Student jokes
A teacher says to her class one day, "Whoever answers my next question can go home."
A boy throws his bag out the window.
The teacher asks, "Who just threw that?"
The boy says, "Me! I'm going home now."
Jack and Molly are sitting in school one day.
Molly is asleep when the teacher asks her a question, "Molly, who created Heaven and Earth?"
Jack sees Molly is sleeping and quickly pokes her with a sharp pencil.
"Jesus Christ almighty!" shouts Molly.
"Correct," says the teacher.
The next day the teacher asks, "Molly, who created Heaven and Earth?"
Molly is again asleep and is poked by Jack's pencil.
"Jesus Christ almighty!" she shouts.
"Correct again," says the teacher.
The next day, for a 3rd time, Molly is asleep.
This time the teacher asks her, "What did Eve say to Adam when she had so many children?"
Jack pokes Molly with the pencil again, and this time Molly screams "If you stick that thing in me one more time I'm going to crack it in half!"
Q: Why did the teacher die?
A: Because he hated his life.
When the school shooter kills the teacher and the autistic kid declares communism
What's the difference between a boring teacher and a boring book?
You can shut the book up.
Student: Hey! Did you hear the joke about the three holes in the ground?
Teacher: No?
Student: All I can say about it is, "Well, well, well."
Teacher: Where's your homework?
Student: At home...
Teacher: What's it doing there?
Student: Having a better time than me.
A kid walks into the classroom on time.
Why can't college students take exams at the zoo?
Too many cheetahs!
Why did Beethoven have trouble finding a music teacher? Because his teacher was Haydn.

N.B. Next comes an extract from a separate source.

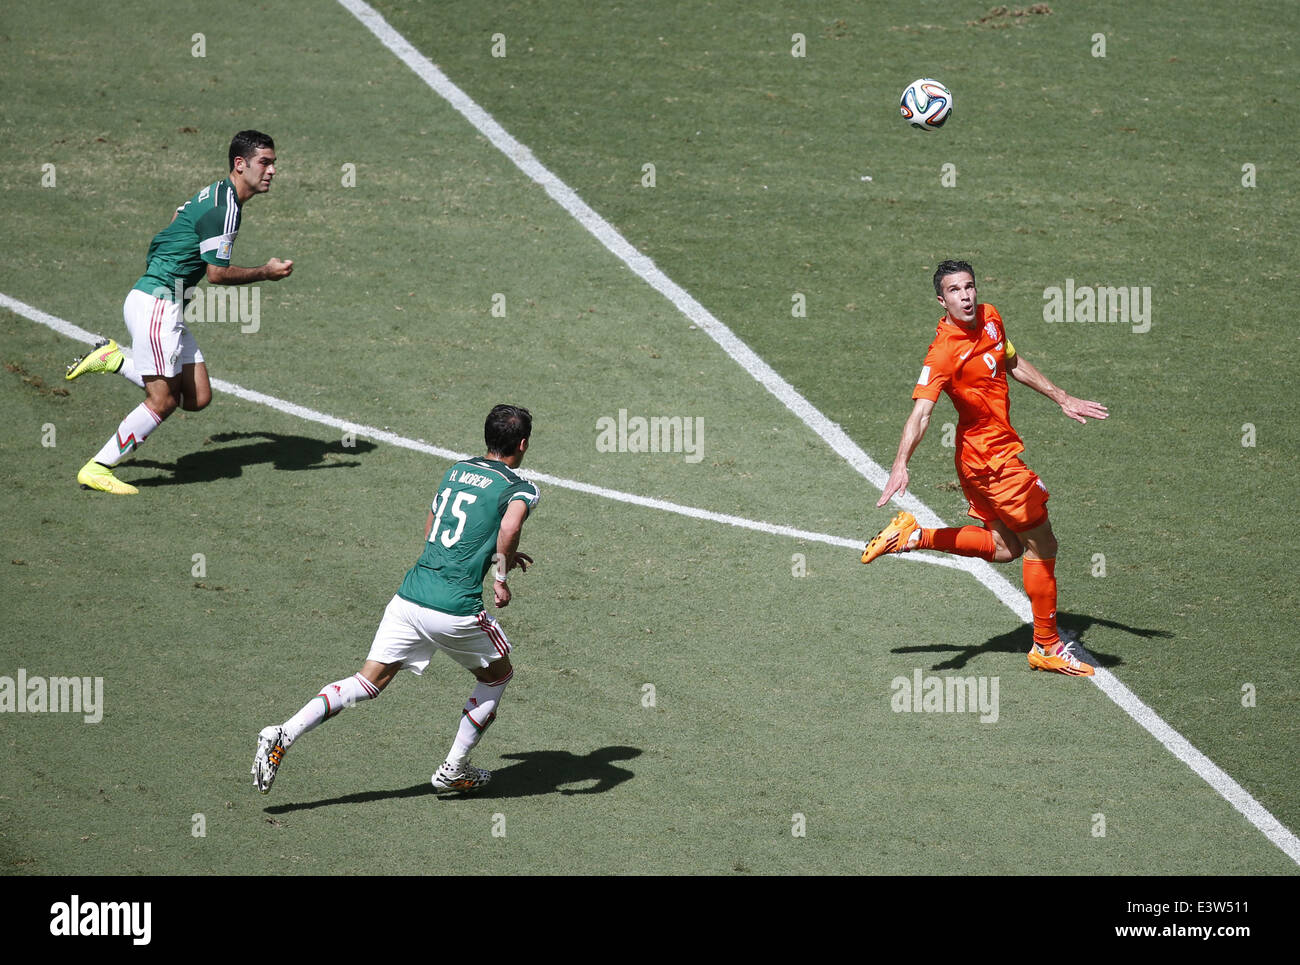 Fortaleza, Brazil. 29th June, 2014. Netherlands' Robin van Persie (R) vies for the ball during a Round of 16 match between Netherlands and Mexico of 2014 FIFA World Cup at the Estadio Castelao Stadium in Fortaleza, Brazil, on June 29, 2014. Credit:  Liao Yujie/Xinhua/Alamy Live News Stock Photo

An old teacher asked her student, "If I say, 'I am beautiful,' which tense is that?" The student replied, "It is obviously past."
A computer science student is studying under a tree, and another pulls up on a flashy new bike. The first student asks, "Where'd you get that?"
The student on the bike replies, "While I was studying outside, a beautiful girl pulled up on her bike. She took off all her clothes and said, 'You can have anything you want.'"
The first student responds, "Good choice! Her clothes probably wouldn't have fit you."